Leading off is the title piece, Ten Year Night, a straight-out love song about a memorable time together. Though the arrangement is about as close to clichéd as this CD comes, the song is a fine piece of writing. <<>>
One of the more upbeat and electric songs also features some of the album's best lyrics. End of the Day examines the issue of living with your conscience, after you make your choices in life. <<>>
Another gem is One Good Reason, with a slightly-country influenced but haunting musical setting. Richard Shindell helps with the backing vocals in this frank song about alcoholism. <<>>
Among the most appealing pieces is Promise Me a seemingly autobiographical song of a happily married itinerant musician who spends too much time on the road and away from home. <<>>
According to a press release from the record company, Turn the Lights Back On is about therapy, and presumably about a practitioner who goes over the line. But it could also apply to a relationship in which one person realizes that she is being taken advantage of. The musical setting is appropriately rocky. <<>>
Another difficult issue is taken up in For Once In Your Life about estranged family members. Ms. Kaplansky performs the song solo. <<>>
The one cover on the album is a Steve Earle song, Somewhere Out There. The arrangement takes an appropriately country-rock direction. The song is a good one, but falls a bit short of this CD's original material. <<>>
The album end with A Child's Hands, the closest thing to a disappointment. The worthwhile song ends up being a rather overproduced compared to the rest of the CD. <<>>
Lucy Kaplansky's new third album under her own name Ten Year Night is her best yet. With a greater proportion of original material than her previous recordings, it shows her ability as a fine songwriter, as well her strength as a singer for which she is so well-known especially in the New Folk music community. With blue-chip musicians on the session, the CD features very tasteful backing that in almost all cases really enhances the songs, rather than just providing a bigger sound. And even though there have been a lot of recent records with a basically similar sound in the prolific field of contemporary singer-songwriters, Ten Year Night gets just about everything right, and stands up well to repeated listenings.

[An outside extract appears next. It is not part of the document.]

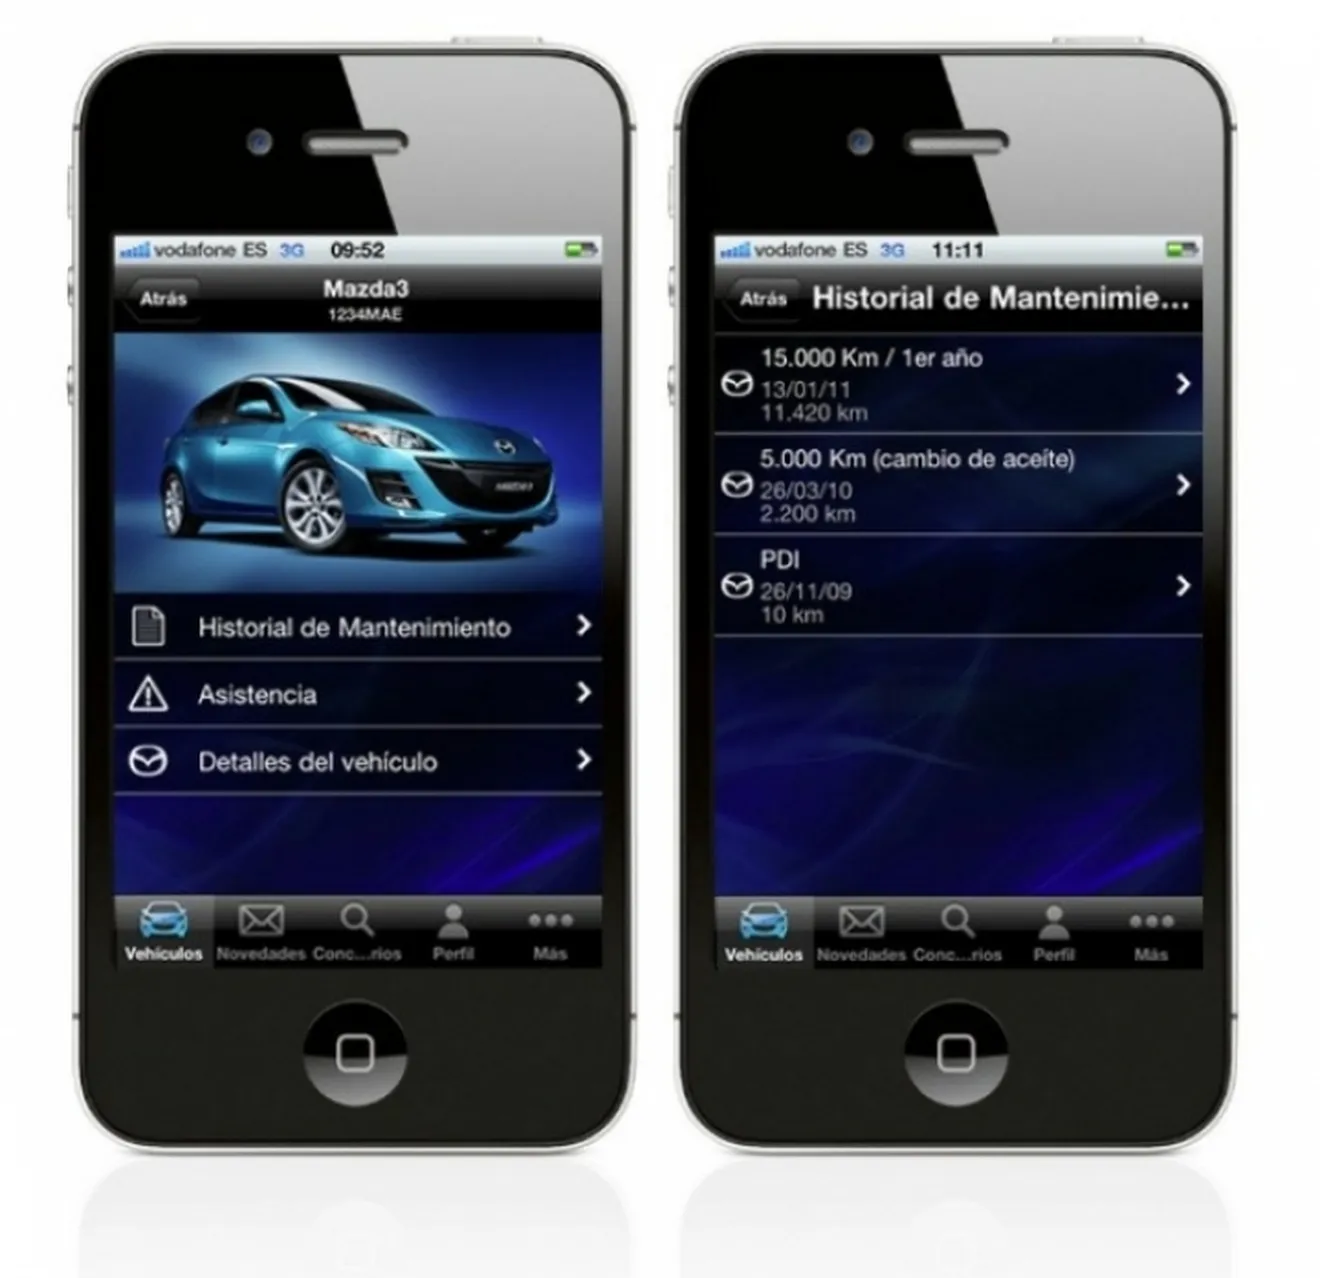 MyMazda, una App para administrar el mantenimiento de tu coche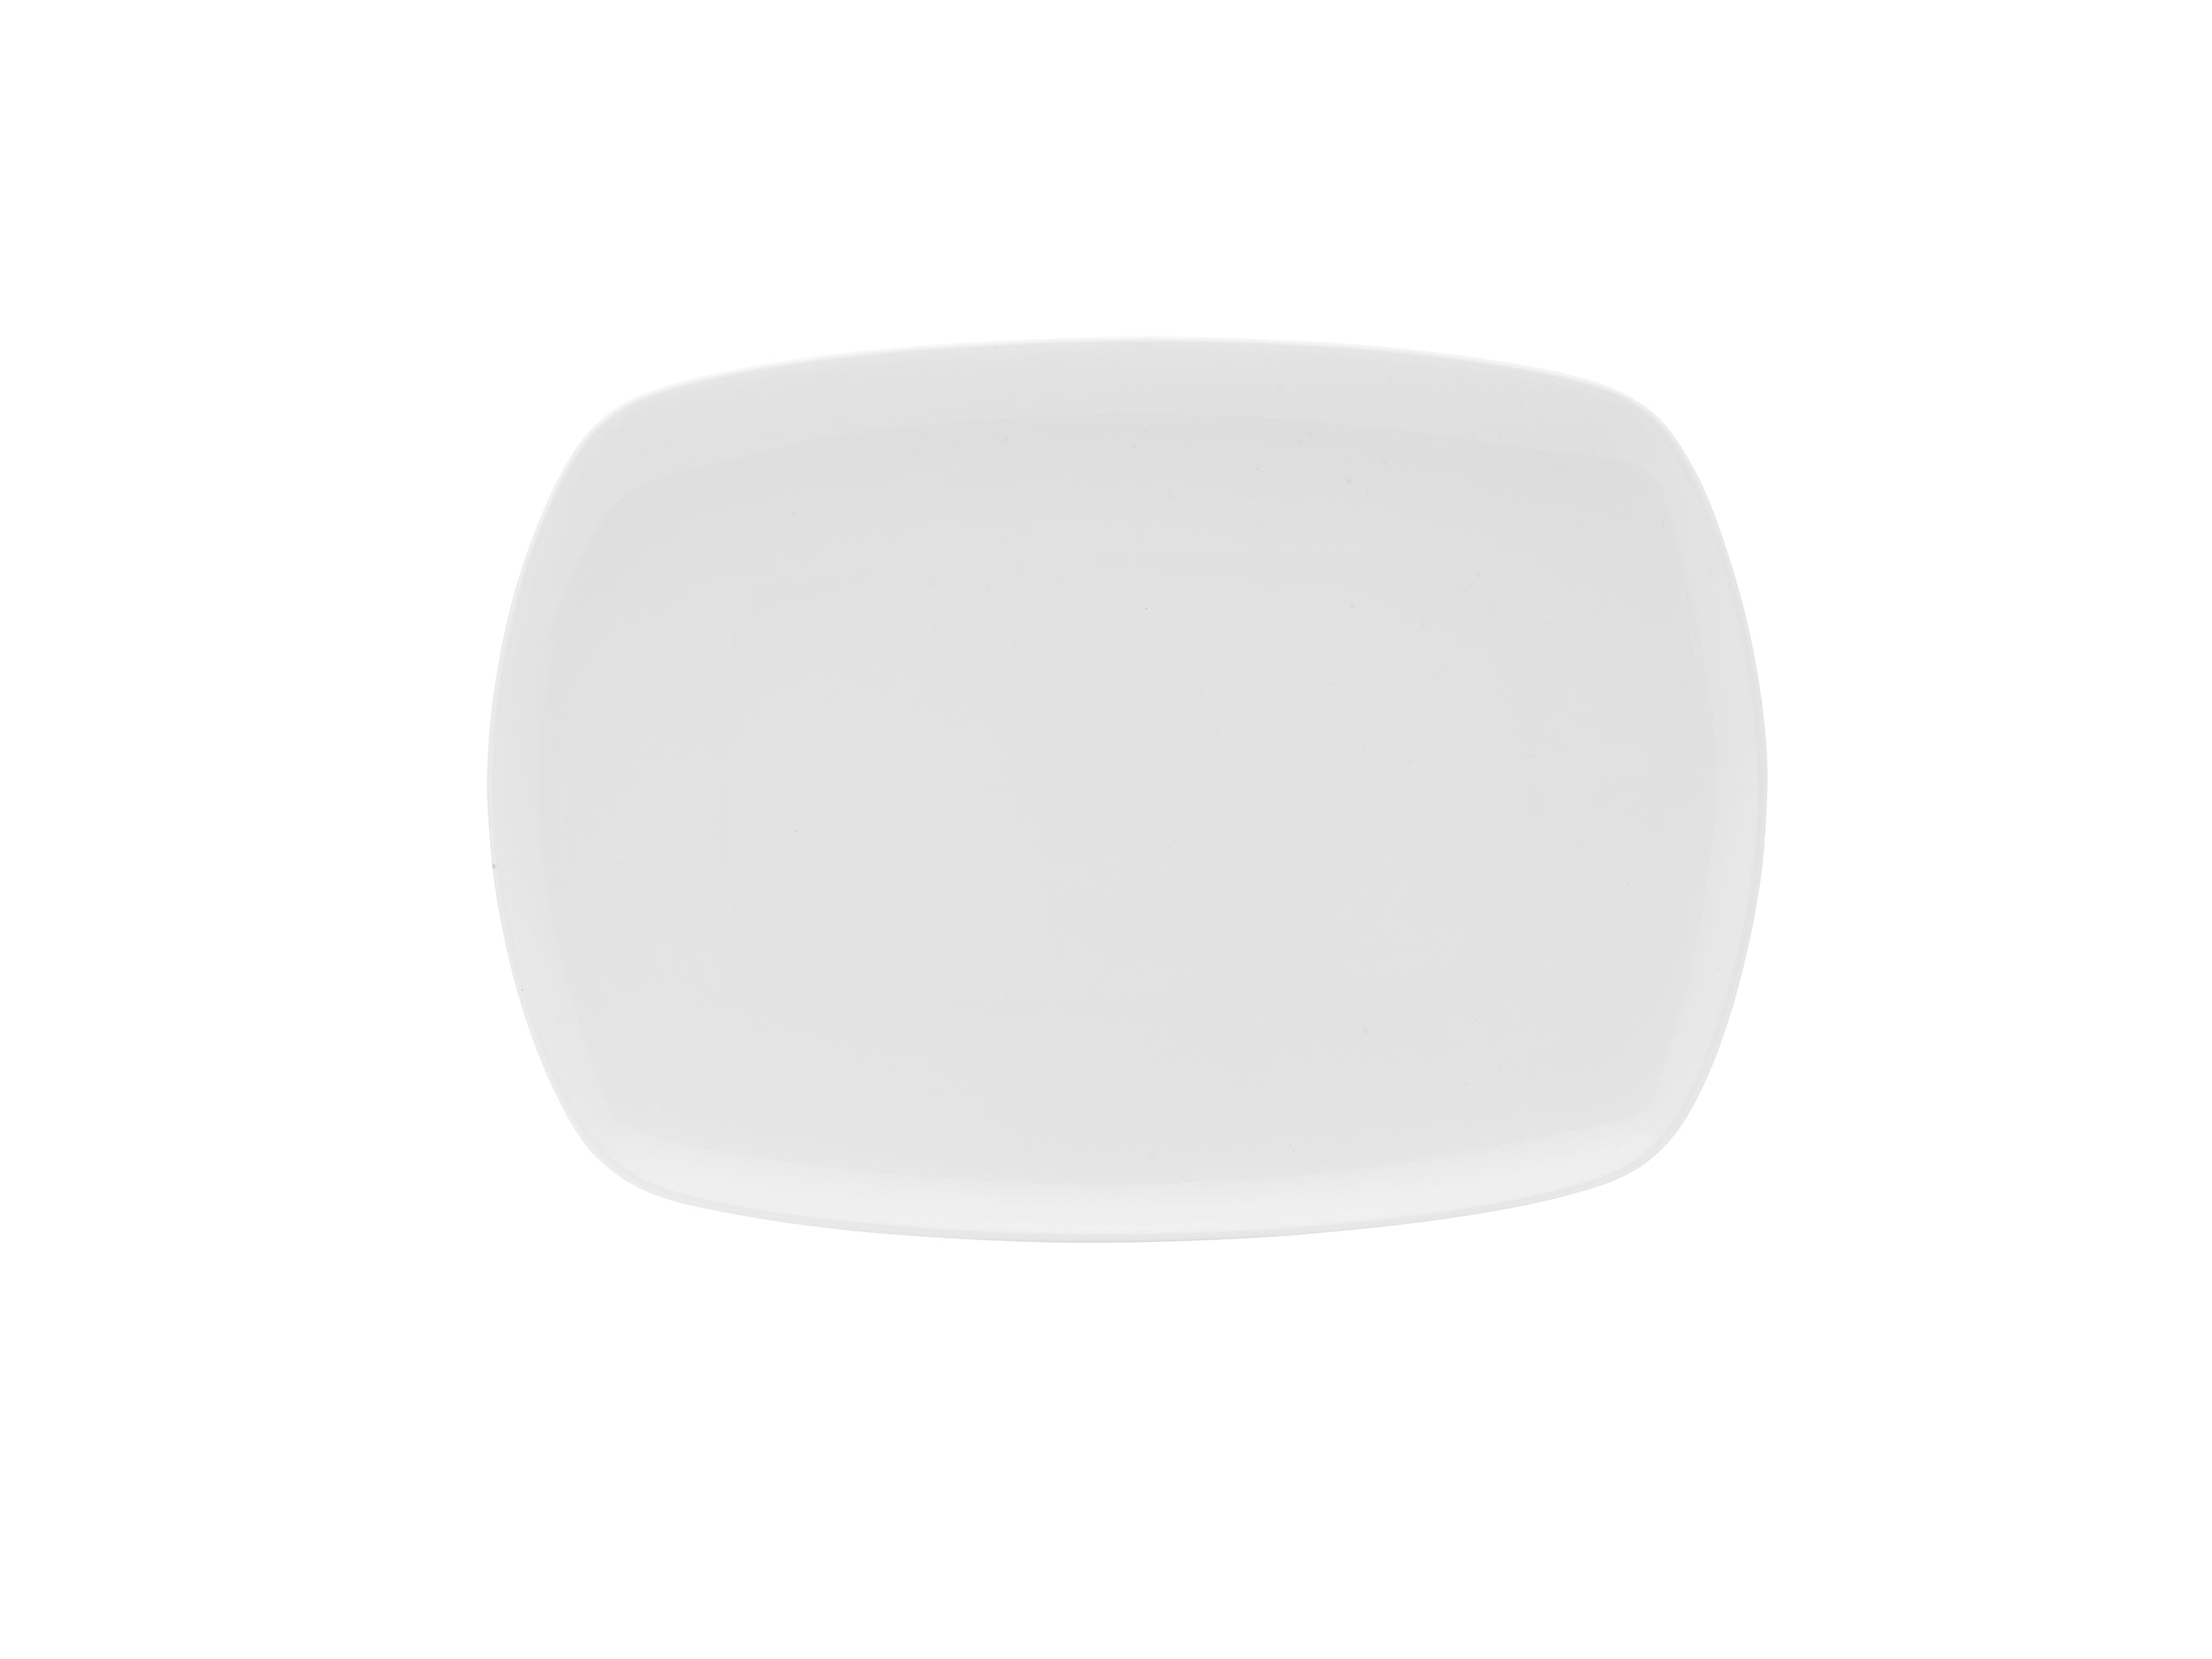 Lola Bone China Rectangular Platter 12x6" White

Sonically, the album is likewise generally a class act. Ms. Kaplansky's vocals are an auditory delight, and the sonic clarity in the mix is very commendable. But as is depressingly common on CDs these days, in the interests of competitive loudness, the dynamic range was compressed, and consequently a degree of airiness and life was lost from the recording.
While Dr. Lucy Kaplansy may have given up a practice as a clinical psychologist to pursue her music full-time, she may well be having as at least as healthy an effect on those people who hear this wonderful much-in-demand singer, and now increasingly notable songwriter.